Unité de Virologie Médicale, Unité d'Hygiène Hospitalière et Service des Maladies Infectieuses, Hôpital Robert Debré, Centre Hospitalo-Universitaire de Reims, and IFR-53/EA-3798, Faculté de Médecine de Reims, Reims,1 Unité de Virologie Médicale et Service d'Immunologie Clinique, Hôpital Européen Georges Pompidou,2 Centre Médical de l'Institut Pasteur, Paris, France3
Received 22 February 2005/ Returned for modification 25 April 2005/ Accepted 19 May 2005
Using commercially available herpes simplex virus (HSV) type-specific serological diagnostic tests, HSV type 2 (HSV-2) antibody prevalence was assessed in two parallel prospective studies including 534 human immunodeficiency virus type 1 (HIV-1)-infected outpatients living in two areas of northern France. In the first cohort of 434 subjects, 223 (51%) individuals demonstrated a positive HSV-2 serological status while 66 (66%) of 100 subjects in the second cohort were seropositive for HSV-2 (51 versus 66%; P = 0.08).
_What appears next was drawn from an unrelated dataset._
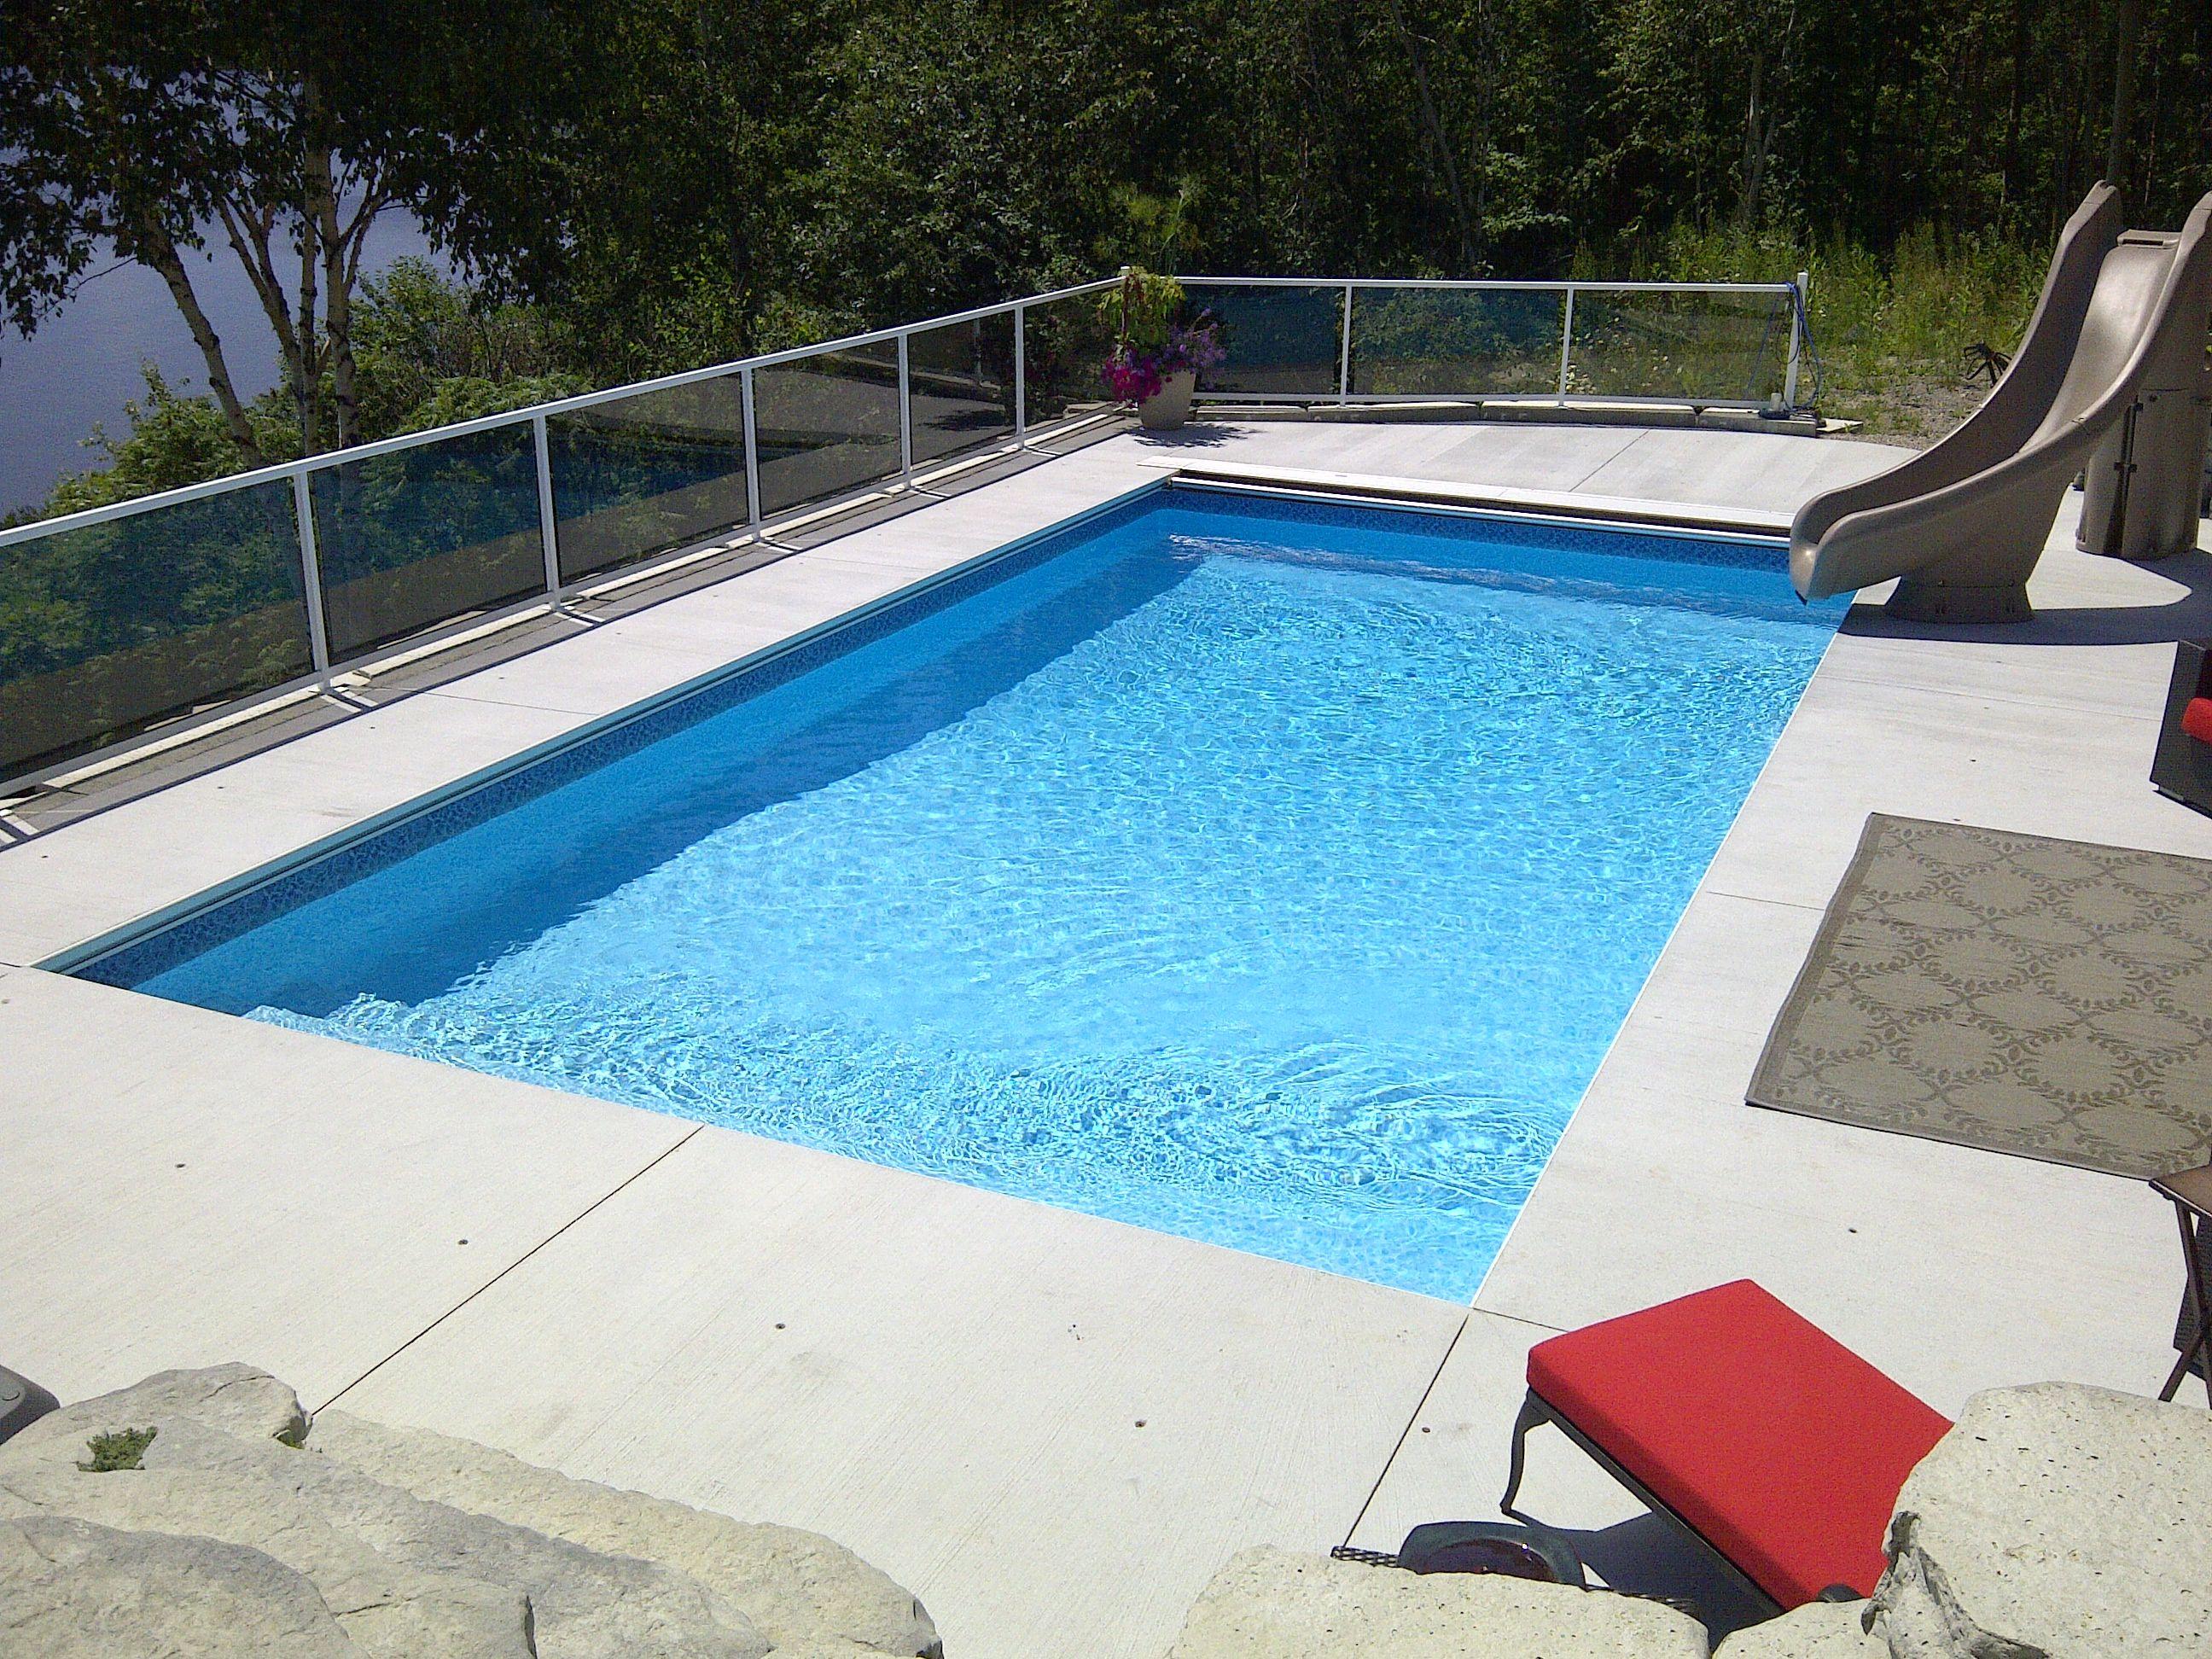 Rectangle Inground Pools 16x32 rectangle with 2 foot radius corners | inground swimming

Among the 223 HSV-2-seropositive subjects identified in the first study cohort, only 22 (10%) had suffered from recurrent anogenital lesions during the past 12 months while 154 (69%) had no clinical history of herpesvirus infection. Our findings demonstrate high proportions of subclinical and undiagnosed HSV-2 infection in HIV-1-infected individuals and suggest that HSV type-specific serological testing in the French HIV-1-infected subpopulation could be an efficient strategy to diagnose clinically asymptomatic HSV-2 infections.